Quidding nearly always traces back to the teeth. Sharp enamel points, hooks, wave mouth, loose or missing teeth, EOTRH, periodontal disease, or an abscess can all make grinding hay painful or ineffective. Less often, mouth ulcers, foreign objects, or pain elsewhere in the head are to blame. In older horses, worn or lost cheek teeth are the usual reason. A dental exam is the only way to know which problem is causing it.
Is quidding an emergency?
Quidding itself is not an immediate emergency, but it should never be ignored. It tells you the horse cannot process its forage properly, which can lead to weight loss, choke, and impaction colic over time. Schedule a dental exam promptly. If quidding appears suddenly alongside drooling, a swollen face, or signs of distress, treat that as urgent and call your vet, since it could signal choke or an abscess.
How do you manage a horse that quids?
Start with a veterinary dental exam to correct what can be fixed, such as floating sharp points or removing a bad tooth. Then adjust the diet to match the horse's chewing ability: soaked hay cubes or pellets, soaked complete senior feed, and chopped or soft forage replace long-stem hay that the horse cannot grind. Feeding wet mashes reduces choke risk and keeps weight on while the mouth is managed.

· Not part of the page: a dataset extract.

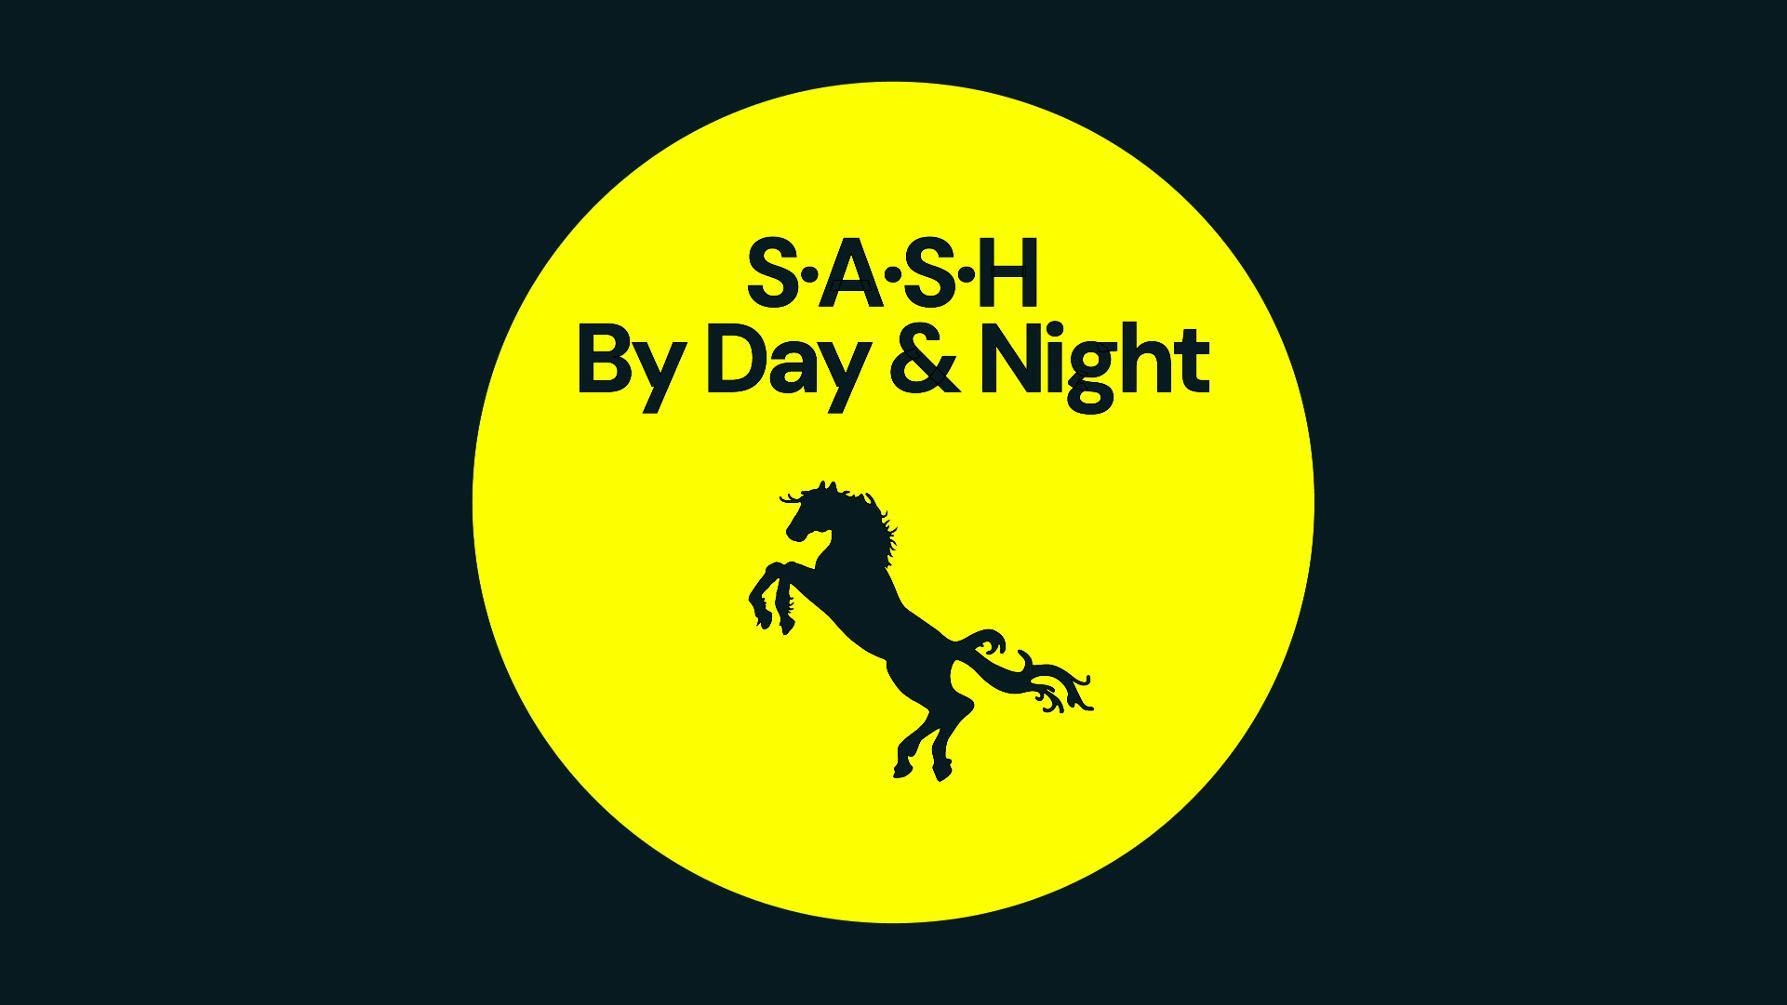 ★ S.A.S.H By Day & Night ★ Sunday 16th June ★

Can quidding cause weight loss?
Yes. A horse that quids is dropping much of its forage uneaten and failing to break down what it does swallow, so it extracts fewer calories and nutrients. Over weeks this commonly shows up as weight loss and a dropping body condition score, especially in winter when forage demands are highest. Switching to soaked, easy-to-eat feeds and treating the underlying dental cause usually reverses the decline.
How is quidding different from choke?
Quidding happens in the mouth: the horse chews, then spits out forage it cannot manage. Choke happens further down, when a bolus of feed lodges in the esophagus after swallowing. A quidding horse keeps trying to eat and drops wads; a choking horse often stops eating, drools, coughs, stretches its neck, and may have feed coming from the nostrils. Untreated quidding can lead to choke, which is why both deserve attention.